Intermedius
Эмма Каррингтон
Эмма растеряна, и не с кем поговорить о том, что ее гложет.
Лорд-командор и гофмаршал в отъезде. А и будь на месте, она бы не осмелилась отвлекать их своими сомнениями. Эмма пробовала спросить совета у гонфалоньера, но мистер Найтвуд ловко ушел от беседы о таинственном заключенном Батлема, общество которого сам же и навязал Эмме. Кажется, эта тема его смущает.
Единственный ее друг - Просперо Гарутти - в последнее время сам не свой, как подменили. А главное: стоило ей поднять эту тему, как Эмма ощутила такое необычайное смущение, что поспешила свернуть разговор и сбежать, оставив мейстера в глубоком недоумении.
Прочие коллеги, подчиненные и братья-сестры по Ордену слишком далеки от Эммы. Она никогда не была общительной, и теперь ей не к кому обратиться со своими тревогами.
Приличные женщины в таких случаях идут на исповедь, но этот путь в равной мере закрыт для адепта мирового равновесия и для безбожницы, а Эмма и то, и другое.
- Не верите в богов, мисс Каррингтон?
- Не верю.
- Даже в ту, которую ваши ммм… менее скептичные коллеги называют Хозяйкой?
- Я согласна с доктриной лорда-командора. Хаос - стихия. Наша задача научиться управлять ею. Вы считаете иначе?
- Помилуйте, как я могу оспаривать собственную концепцию?
- “Собственную”? Но лорд-командор…
- А, жадный юноша присвоил себе авторство? Похоже на него.

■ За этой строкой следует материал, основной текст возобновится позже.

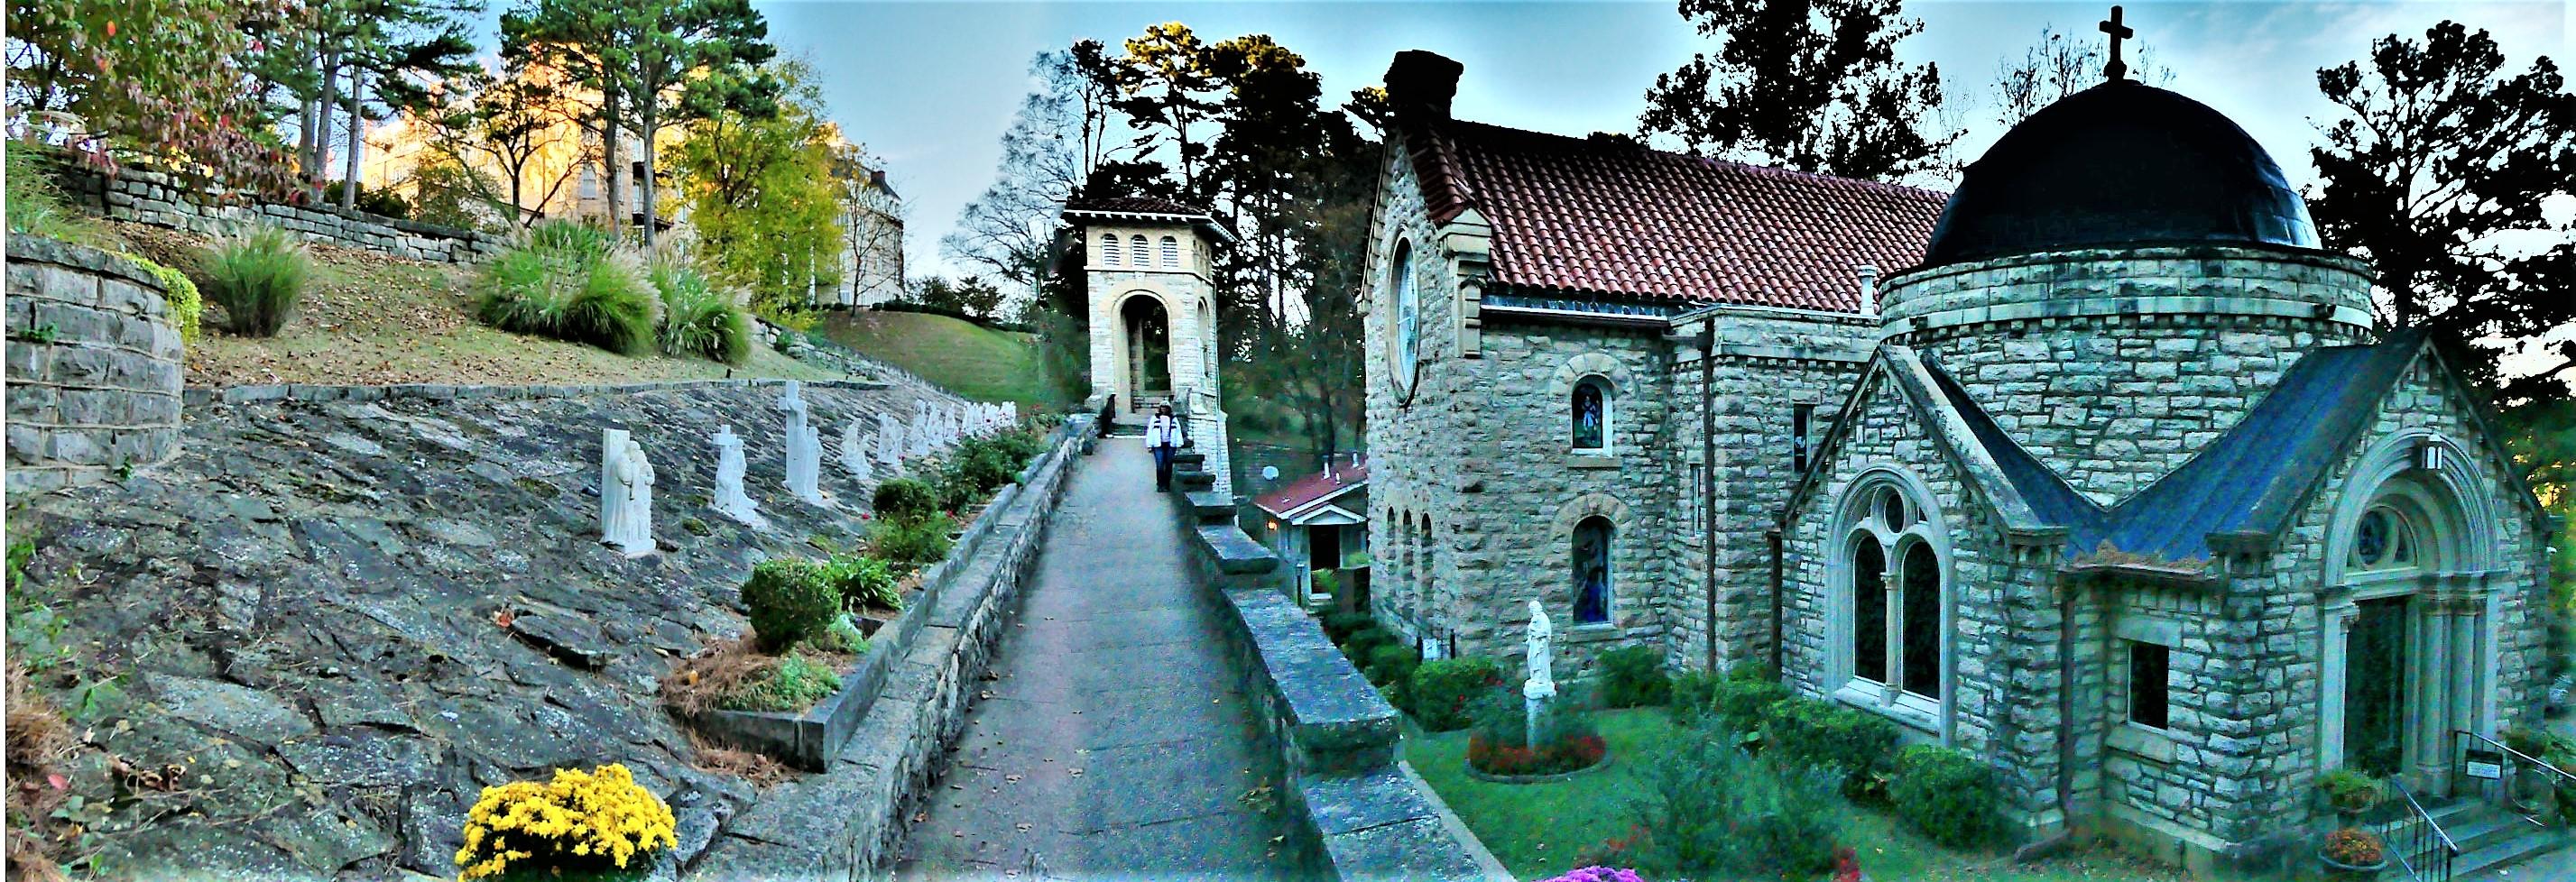 St. Elizabeth Church1 (2)

- Вы утверждаете, что теория однородности бытия - ваша разработка?
Он не обижается на неверие:
- Изначальная идея, как и первые изыскания - мои, недоверчивая мисс Каррингтон. Большую часть исследований мы провели совместно с лордом-командором. По правде говоря, он привнес свежий взгляд и предложил новый подход. Не буду врать, без него у меня навряд ли получилось бы завершить работу. Ах, что за прелесть этот “эмпирический метод ”, ну разве нет? Мечтаю однажды поцеловать пальчики леди, которая его придумала.
- Леди?
Узник смеется:
- Ваш кумир и здесь объявил себя создателем? Браво, какая верность самому себе!

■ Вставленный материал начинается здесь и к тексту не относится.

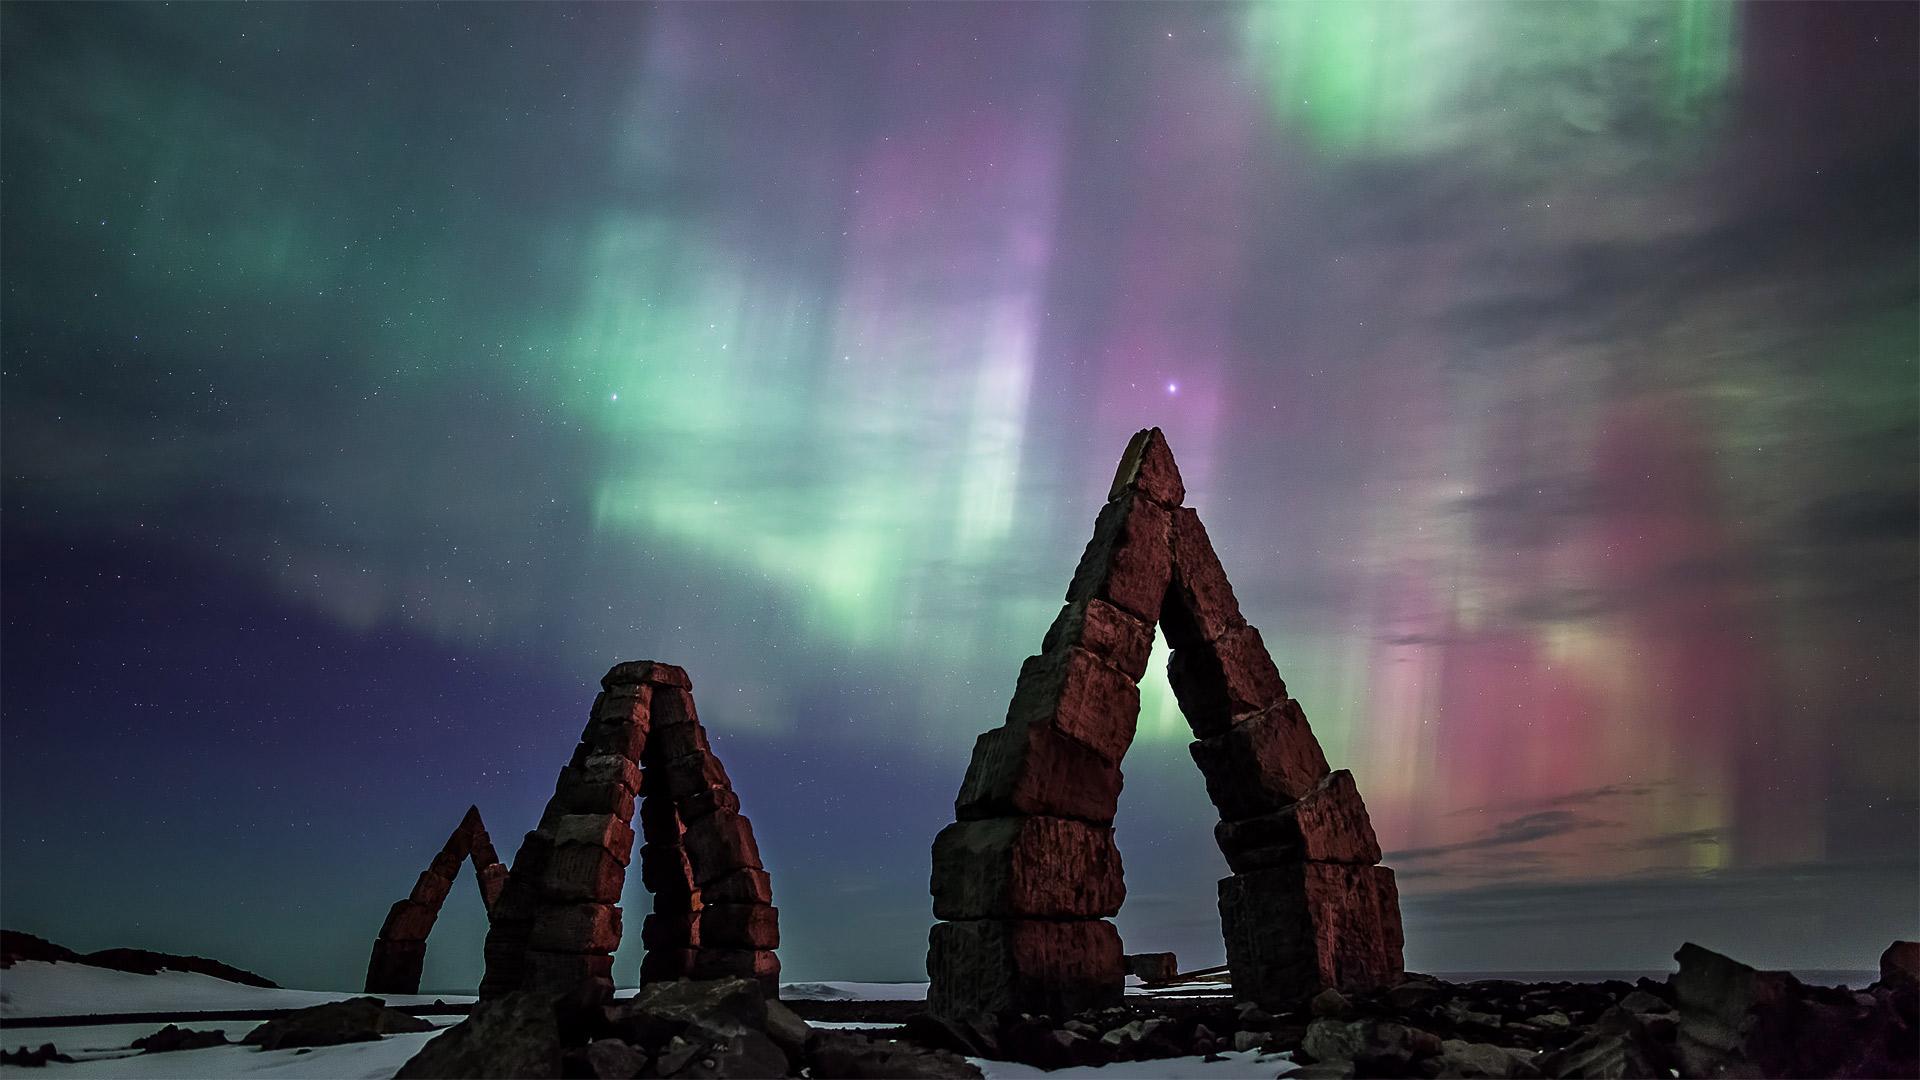 Arctic Henge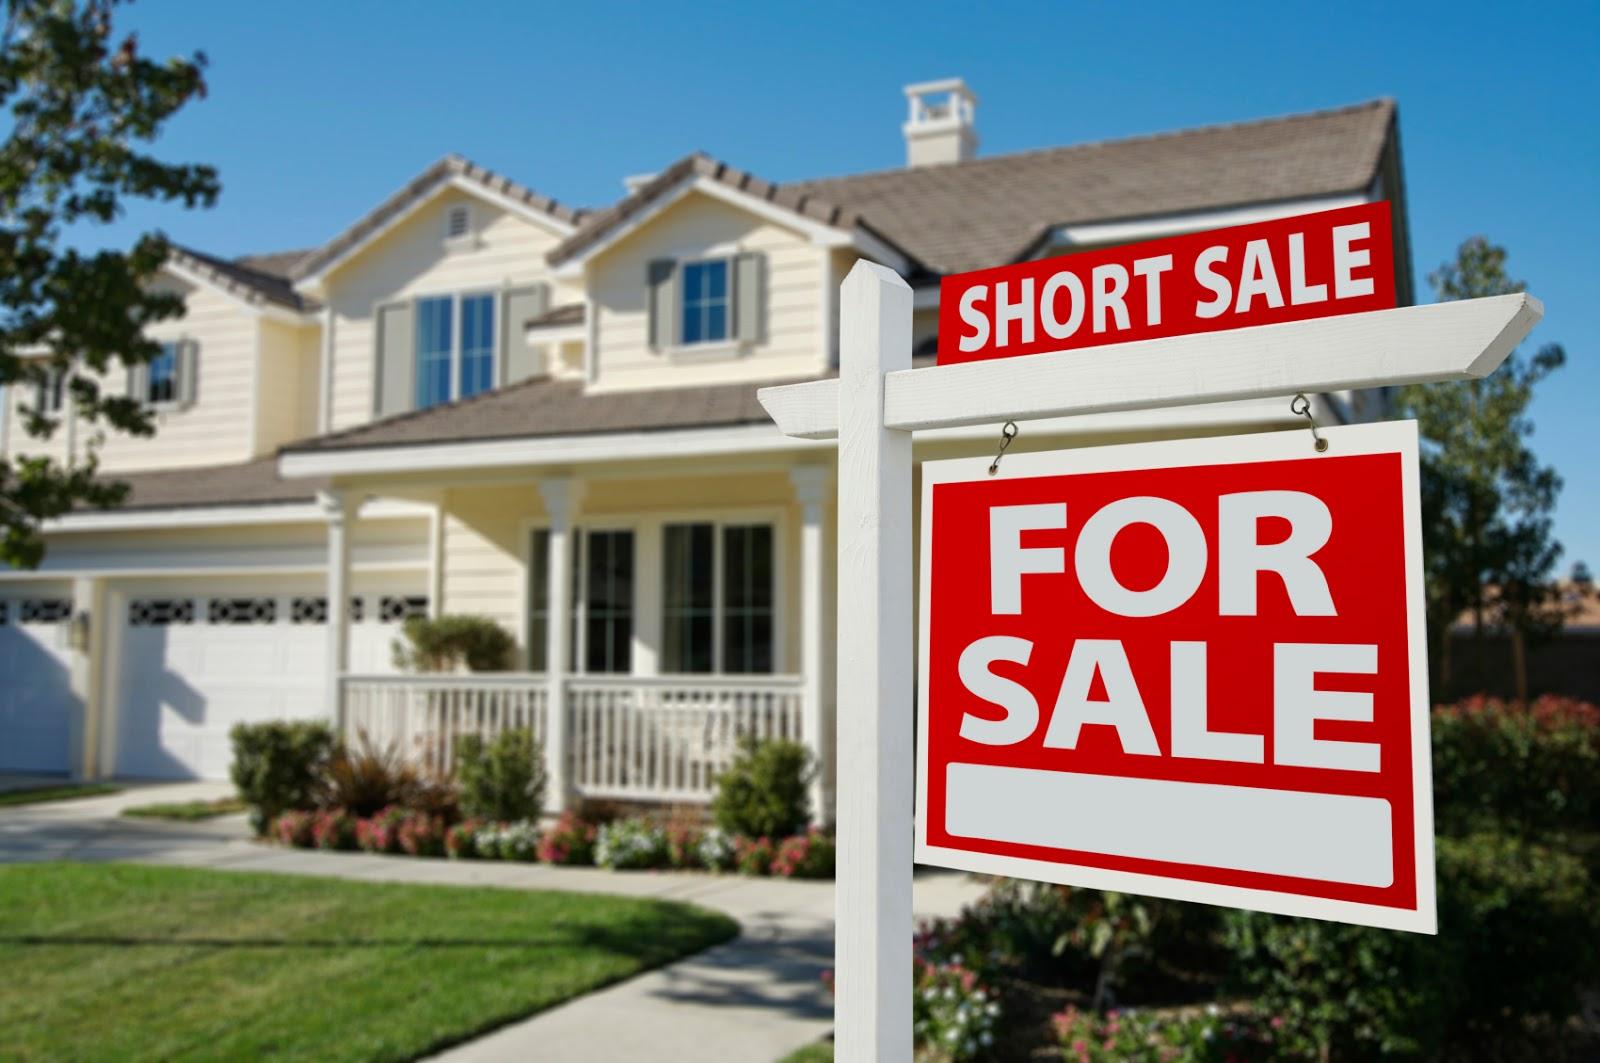 Menjual Rumah Agar Cepat Laku

- Вы хотите сказать, что эмпирический метод предложила женщина?
- О да. Если верить рассказам лорда-командора, совершенно уникальная особа. Жаль, мне так и не довелось ее увидеть. Питаю, знаете ли, слабость к умным дамам.
Он так умен и тонко чувствует. Понимает все с полуслова, а порой и с полувзгляда. Они говорят на одном языке, и Эмма уже не знает, не в силах понять, как могла жить раньше, без этого каждодневного общения.
Серые стены Батлема с крохотными окошками-бойницами. Привычная вонь, въевшаяся в одежду почище запаха лекарств и трав. Забранные решетками двери - справа, слева, полный страдания вой в спину, грязная лестница, клыки каменной гаргульи, лязг замка и теплый круг света по обе стороны от решетки.
- Здравствуй, Эмма.
- Почему вы назвали меня “дурнушкой”?
- Потому, что я привык называть вещи истинными именам.
- Но раньше вы говорили…
- Что я говорил раньше, очаровательная мисс Каррингтон?
- Вот как сейчас, - Эмма отодвигается в тень, чувствуя, как краска заливает ее щеки.
- Скажите это, не стесняйтесь. Прелестной и умной женщине не к лицу глупое кокетство.
- Вот опять! Снова.
- Да?
- Вы сказали “очаровательная”. И еще “прелестная”.
- Я вижу вас такой, мисс Каррингтон. Но я смотрю иначе, чем эти толпы идиотов на улице или близорукий Джозеф.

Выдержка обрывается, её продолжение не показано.